37 hours into Days Gone, I never expected to like it this much.
On paper it's a generic story-driven zombie game with generic mechanics, gameplay is looting resources to craft stuff, Red Dead Redemption-ish slo-mo shooting, traditional open world structure with camps to clear, credit to earn and zombie, I mean freakers' nests to clear. The first 1/3 of the game is terrible, the way the game zigzag through 3 or 4 storylines at the same time made it difficult to follow what the hell was going on, especially a flashback cutscene so confusingly stitched together gave me an impression that there was a lot of cut playable content.
Then the Lost Lake plot begins and boy it started to get real. For once, I really appreciate a zombie game that's not too dark and inhumanly desperate, the game doesn't pretend to be a dark gritty modern age medieval shit with grey morality, it makes clear who the bad guys are, who the good guys are, and between them is a shockingly likable protagonist who's stubborn, desperate, has trust issue but also acts really real, acknowledge his flaws and is actually not as selfish as he thinks he is. Deacon reminded me of a time when I was a stupid kid dropping out of college and insisted on living alone because I didn't want to bother anyone, but time goes on and I simply accepted that I couldn't hold a grudge on everything forever. He can survive on his own, but surviving isn't living, and being desperate enough to hold out hope, in this case his wife, is still worth a reason to live.
This is easily one of the rare cases where the longer the game goes on, the better it plays. At first it played like a generic The Last of Us open world clone, sneak, one shot headshot, preserving your ammo and shit. But when you get better guns and finally get to fight the horde, shit gets real. Memorize explosive barrels, set up gas cans and mines, hoard enough resources to craft napalm molotov, then try to find high grounds, lure them into choke points, there's a particular nuance in these horde fights and it's always exhilarating when you clear one. The bike also reminds me of your car in Mad Max, there's a lot of upgrades that make traversing a flexible experience the longer you play it genuinely feels like a trusty companion. The devs cleverly designed the first map with a lot of hills to let save gas by freewheeling, so there's this "rhythm" when it comes to driving your bike.

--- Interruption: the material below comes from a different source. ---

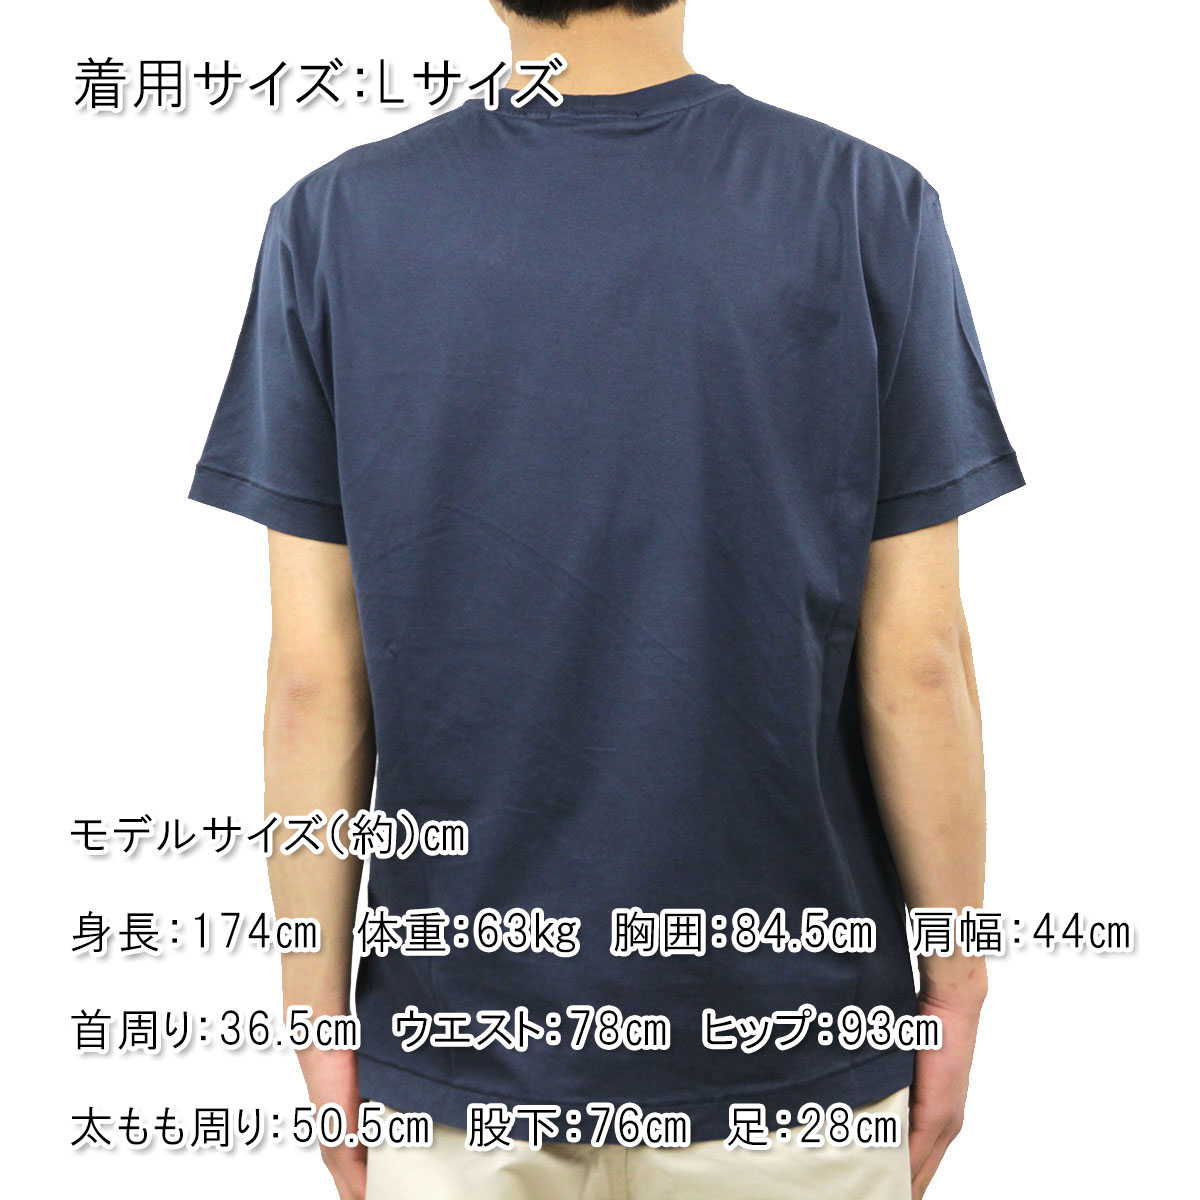 ストーンアイランド Tシャツ メンズ 正規品 STONE ISLAND 半袖Tシャツ T-SHIRT MARIN BLUE BLEU MARIN 24113 V0028

Two things I'm not a fan of: those NERO missions where you have to infiltrate a research team, get detected and you must restart back at checkpoint, pretty boring and repetitive. Second, playing on PC definitely broke the combat, since the game relies a lot on slo-mo shooting, it's really easy to aim and headshot everyone John Wick style with pinpoint accuracy even on hardest difficulty.
Did I mention that it looks pretty? It does look pretty.